2 . A system as recited in claim 1 wherein the laser beam is a pulsed femtosecond laser beam, and the imaging unit is operated using Optical Coherence Tomography (OCT) techniques.
3 . A system as recited in claim 1 wherein the fluid flow channel is a microchannel extending through the trabecular meshwork, and wherein the microchannel is positioned to interconnect the anterior chamber of the eye in fluid communication with Schlemm's canal.
4 . A system as recited in claim 1 wherein the fluid flow channel is a microchannel extending through the iris of the eye, and wherein the microchannel is positioned to interconnect the posterior chamber of the eye in fluid communication with the anterior chamber of the eye.
5 . A system as recited in claim 1 further comprising:
a contact lens connected to the laser unit; and
a deflecting mirror mounted on the contact lens for directing the laser beam path to the target tissue.
6 . A system as recited in claim 4 wherein the laser beam path is directed to the target tissue through the sclera of the eye.
7 . A closed loop feedback control system for creating a microchannel in a target tissue of an eye which comprises:
a computer with a computer program, wherein the computer program defines the microchannel in the trabecular meshwork for use as a reference input for the system; a laser unit for generating a laser beam, wherein the laser unit is responsive to an actuating signal from the computer to establish an output for directing the laser beam from the laser unit to a focal point in the target tissue; an imaging unit for creating an image of the target tissue; and a comparator for receiving the output from the laser unit, and for receiving the image from the imaging unit, to generate a feedback error signal based on the reference input, wherein the feedback error signal is a measure of a deviation of the focal point of the laser unit from the image of the microchannel created by the imaging unit, and wherein the feedback error signal is used for modifying the actuating signal to the laser unit, with an altered reference input from the computer, to minimize the feedback error signal.
8 . A system as recited in claim 7 wherein the microchannel is established to enhance the functionality of Schlemm's canal by improving the outflow of aqueous fluid from the anterior chamber of the eye in order to lower the intraocular pressure (IOP) of the eye.
9 . A system as recited in claim 7 wherein the imaging unit is an Optical Coherence Tomography (OCT) device.
10 . A system as recited in claim 7 wherein the laser beam is a pulsed femtosecond laser beam.
11 . A system as recited in claim 7 wherein the microchannel extends through the trabecular meshwork, and wherein the microchannel is positioned to interconnect the anterior chamber of the eye in fluid communication with Schlemm's canal.
12 . A system as recited in claim 7 wherein the microchannel extends through the iris of the eye, and wherein the microchannel is positioned to interconnect the posterior chamber of the eye in fluid communication with the anterior chamber of the eye.
13 . A system as recited in claim 7 wherein the laser beam is directed along a laser beam path, and the system further comprises a gonioscope for altering the laser beam path.

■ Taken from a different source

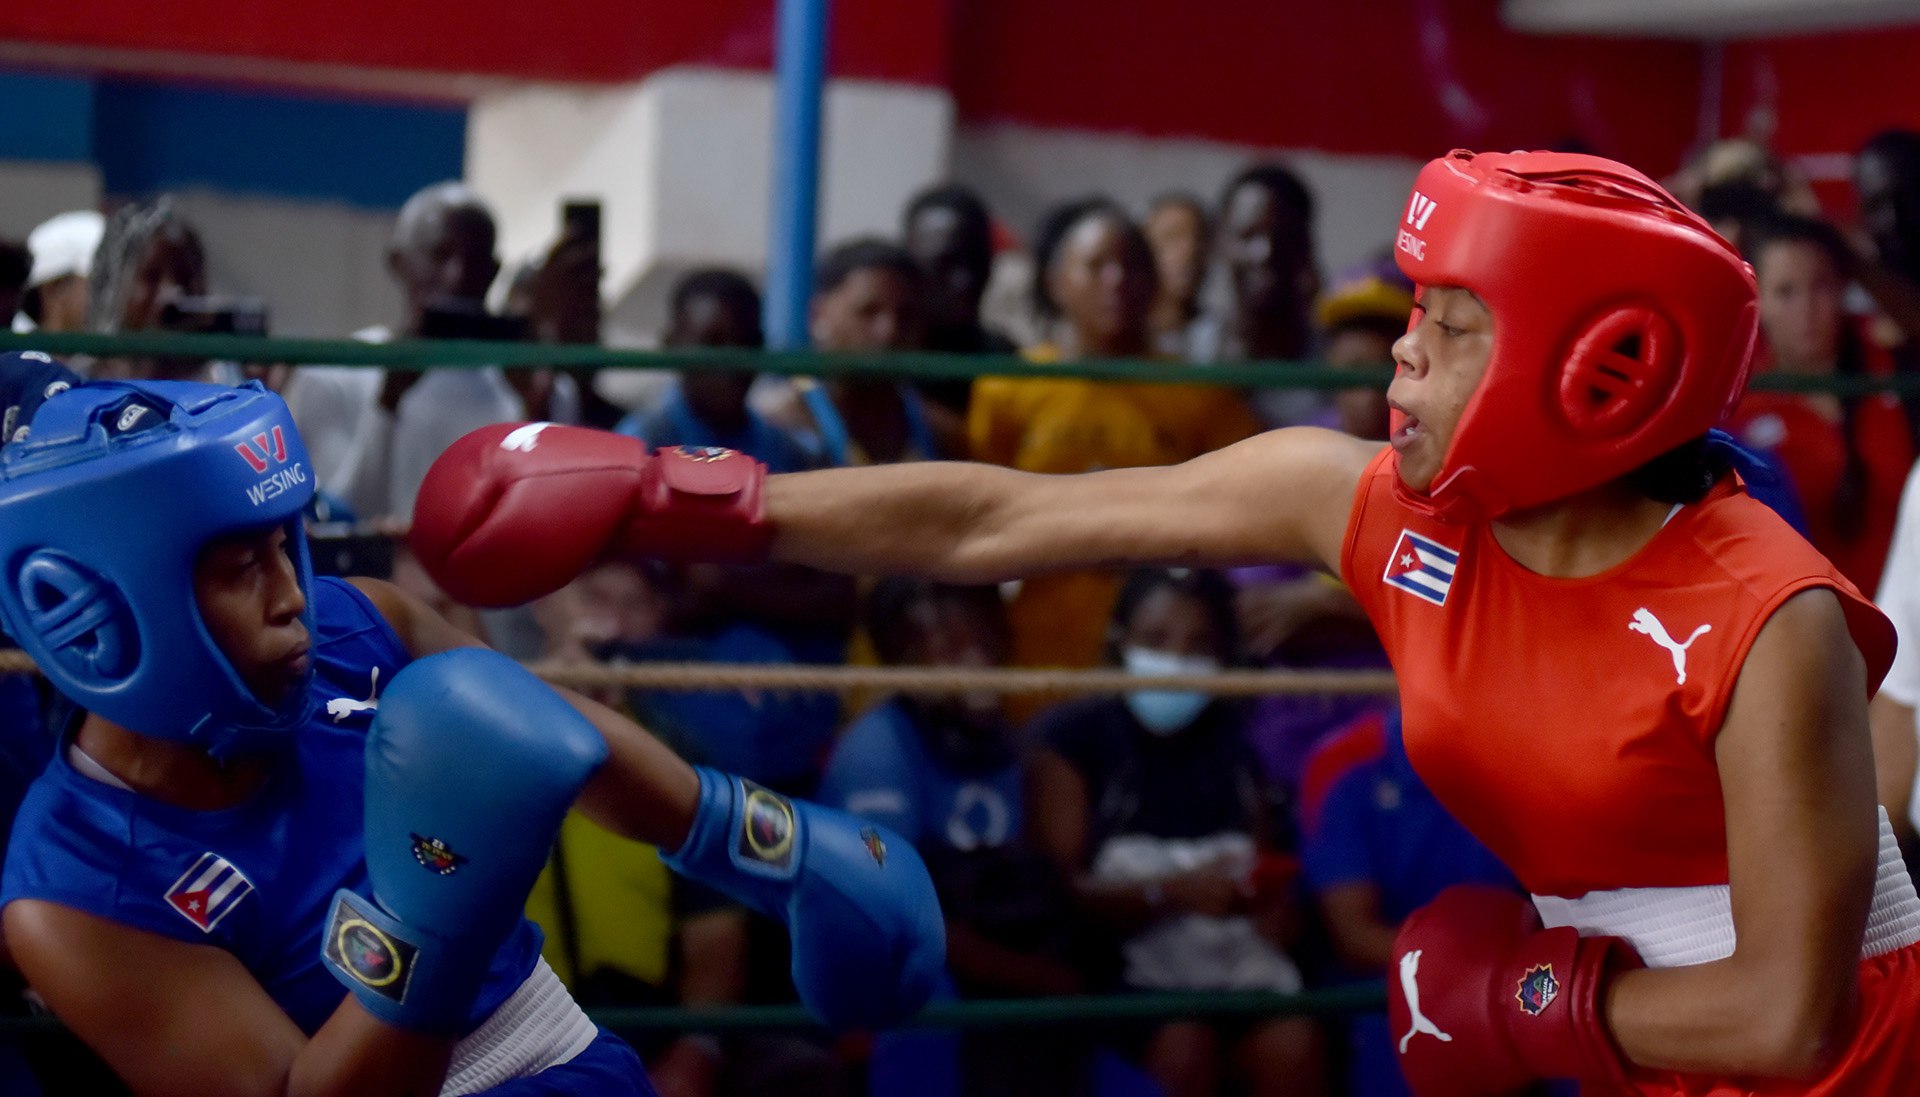 El boxeo femenino en Cuba ha dado un importante paso. Tras años de espera, las cubanas finalmente tienen la oportunidad de demostrar su talento. Foto: Omara García / Agencia cubana de noticias

14 . A method for creating a microchannel in a target tissue in an eye which comprises the steps of:
generating a laser beam; directing the laser beam along a laser beam path to a focal point in the target tissue; guiding the focal point of the laser beam in accordance with a predetermined computer program to alter tissue by Laser Induced Optical Breakdown (LIOB) for creation of the microchannel, wherein the computer program defines the microchannel; creating an image of the target tissue; locating a placement for the microchannel in the image; determining a deviation of the focal point from the image of the microchannel in the target tissue; producing an error signal indicative of the deviation; and moving the focal point of the laser beam to minimize the error signal during creation of the microchannel.
15 . A method as recited in claim 14 wherein the laser beam is a pulsed femtosecond laser beam.
16 . A method as recited in claim 14 wherein the microchannel extends through the trabecular meshwork and is positioned to interconnect the anterior chamber of the eye in fluid communication with Schlemm's canal.
17 . A method as recited in claim 16 wherein the microchannel is positioned to enhance the functionality of Schlemm's canal by improving the outflow of aqueous fluid from the anterior chamber of the eye in order to lower the intraocular pressure (IOP) of the eye.
18 . A method as recited in claim 14 wherein the creating step is accomplished by an Optical Coherence Tomography (OCT) device.
19 . A method as recited in claim 14 wherein the performance of the method is controlled by a computer.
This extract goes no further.